OpenSearch
- Canonical
- Databases
Channel | Revision | Published | Runs on |
---|---|---|---|
2/stable | 168 | 24 Sep 2024 | |
2/candidate | 168 | 24 Sep 2024 | |
2/beta | 168 | 24 Sep 2024 | |
2/edge | 194 | 29 Nov 2024 |
juju deploy opensearch --channel 2/stable
Deploy universal operators easily with Juju, the Universal Operator Lifecycle Manager.
Platform:
How to recover from attached storage
This document describes the steps needed to reuse disks that contain data and metadata of an OpenSearch cluster.
This document’s steps can only be applied for disks under Juju management. It is not currently supported to bring external disks or volumes into Juju.
Summary
Make sure you have safely backed up your data, the steps described here may potentially cause data loss
Introduction
This document will describe the different steps needed to bring disks that have previously being used by OpenSearch, and hence still hold data and metadata of that cluster; and how to reuse these disks. These disks will be named across this document as used disks.
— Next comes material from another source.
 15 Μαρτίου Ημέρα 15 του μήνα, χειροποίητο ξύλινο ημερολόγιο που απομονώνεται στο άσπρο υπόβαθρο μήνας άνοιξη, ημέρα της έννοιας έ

The document is intended for cases where a quick recovery is needed. However, it is important to understand that reusing disks may cause older data to override existing / newer data. Make sure the disks and their content are known before proceeding with any of the steps described below.
Pre-requisites
Before starting, make sure that the disks are visible within Juju. For the reminder of the document, the following deployment will be used as example:
$ juju status
Model Controller Cloud/Region Version SLA Timestamp
opensearch localhost-localhost localhost/localhost 3.5.3 unsupported 16:46:04Z
App Version Status Scale Charm Channel Rev Exposed Message
opensearch active 3 opensearch 2/edge 164 no
self-signed-certificates active 1 self-signed-certificates latest/stable 155 no
Unit Workload Agent Machine Public address Ports Message
opensearch/0* active idle 1 10.81.173.18 9200/tcp
opensearch/1 active idle 2 10.81.173.167 9200/tcp
opensearch/2 active idle 3 10.81.173.48 9200/tcp
self-signed-certificates/0* active idle 0 10.81.173.30
Machine State Address Inst id Base AZ Message
0 started 10.81.173.30 juju-e7601c-0 ubuntu@22.04 Running
1 started 10.81.173.18 juju-e7601c-1 ubuntu@22.04 Running
2 started 10.81.173.167 juju-e7601c-2 ubuntu@22.04 Running
3 started 10.81.173.48 juju-e7601c-3 ubuntu@22.04 Running
Volumes can be listed with:
$ juju storage
Unit Storage ID Type Pool Size Status Message
opensearch/0 opensearch-data/0 filesystem opensearch-pool 2.0 GiB attached
opensearch/1 opensearch-data/1 filesystem opensearch-pool 2.0 GiB attached
opensearch/2 opensearch-data/2 filesystem opensearch-pool 2.0 GiB attached
For more details, refer to Juju storage management documentation.
Re-using Disks Use-Cases
OpenSearch does have a set of APIs and mechanisms to detect the existence of previous data on a given node and how to interact with that data. Most notable mechanisms are: (i) the /_dangling
API, as described in the upstream docs; and (ii) the opensearch-node
CLI that allows operators to clean up portions of the metadata in the used disk before re-attaching to the cluster.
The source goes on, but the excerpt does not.